В день экзамена две мои подружульки поперлись со мной. Болеть под дверью. Как ни странно, я до сих пор помню басню, которую тогда читала. Правда, не исключено, что с купюрами.
Ни автора, ни откуда я ее взяла — не знаю. Привожу текст.
Пик часы в лесном районе,
И трамвай летит, трезвоня.
Мест свободных нет в вагоне —
Все забито до дверей.
Львы, медведи и бараны.
Хряк — директор ресторана.
Волк с женою-обезьяной
И полно других зверей.
Вот и остановка.
Входит лань, одетая по моде.
Кенгуру, с ребенком вроде.
Тигр со старою лисой.
Издавая винный запах
И едва держась на лапах,
Вспоминая маму с папой,
К нам в трамвай залез косой.
И без всякого старанья
Он к себе привлек вниманье.
Все звериное собранье
Обернулось вмиг сюда.
Перемятая спецовка,
Из ушей торчит морковка,
На ушах — татуировка.
В общем, заяц — хоть куда.
Заяц взялся за работу —
С места он прогнал енота.
Тигр испуган до икоты,
Хряку сдвинул пятачок.
И, почесывая в ухе,
Приставал к лисе — старухе.
«Мол, пойдем ко мне, рыжуха!
Посидим, попьем чаек!»
Не стерпел волчина видный.
К зайцу подошел солидно
И сказал: «Как вам не стыдно!
Убирайтесь живо вон!»
Заяц ухмыльнулся пьяно,
Заяц так на волка глянул…
Волк с своею обезьяной
Перешел в другой вагон.
Дел наделал заяц много.
Мишку он послал.

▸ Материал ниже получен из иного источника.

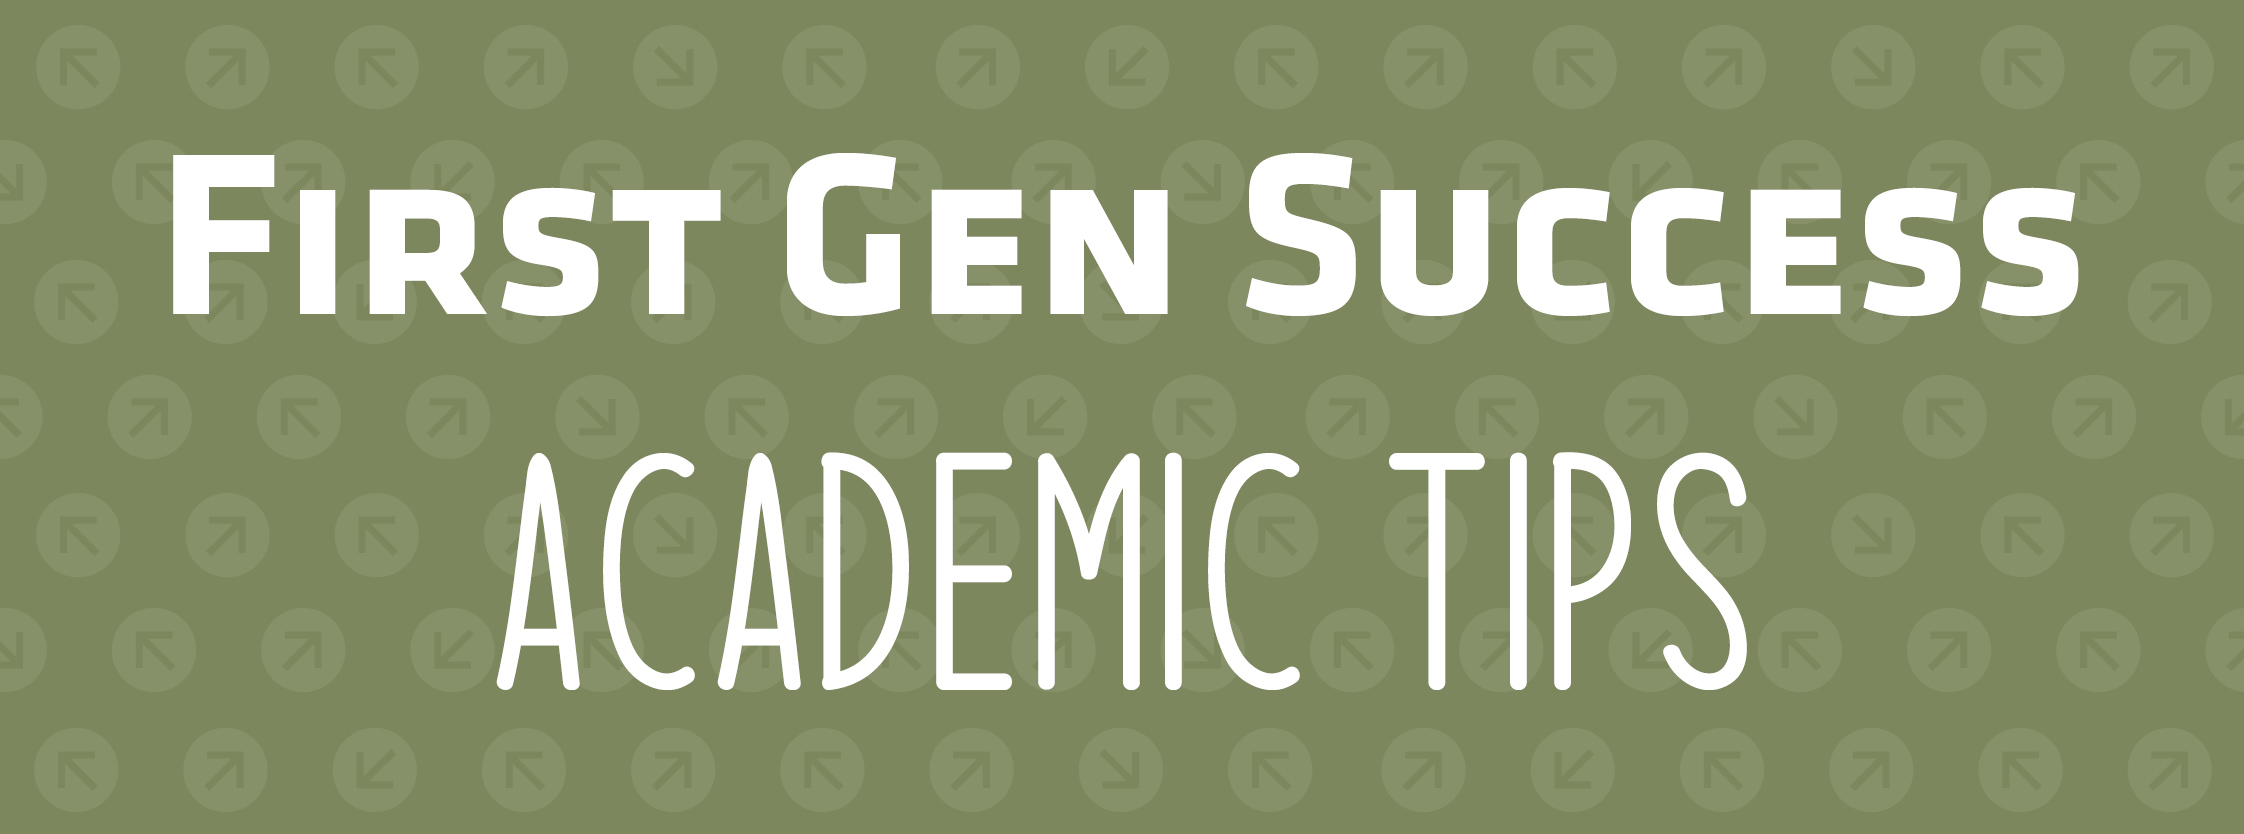 First Gen Success | Academic Tips

В берлогу.
Льва за кисточку потрогал —
Лев, меж тем, смотрел в окно
С небывалым интересом,
Будто лев не видел леса.
Будто старый лев-профессор
Не бывал в лесу давно.
Только, подустав как будто,
Через две иль три минуты,
Лапой пригрозив кому-то,
Заяц вывалился вон.
Как вздохнули тут соседи,
Лисы, волки и медведи.
И спокойно дальше едет
Переполненный вагон.
Читала я эту басню весело, бодро, с огоньком, потому что на спор. Нахальство выбора заключалось еще и в том, что год был 1987-й. И читать следовало Крылова. На крайний случай — Эзопа. Если честно, мне было все равно, пройду я этот тур или не пройду. Поэтому, прочитав сие произведение, я веселым Бэтменом вылетела из аудитории, не озаботившись поговорить с людями, которые меня слушали. То есть — влетела, на хорошей скорости отбомбилась и вылетела. Буквально рейд «Ночных ведьм». А вылетела, чтобы не выслушивать, как мне будут рассказывать, что у меня технический склад ума, и что творческого начала во мне они не нашли.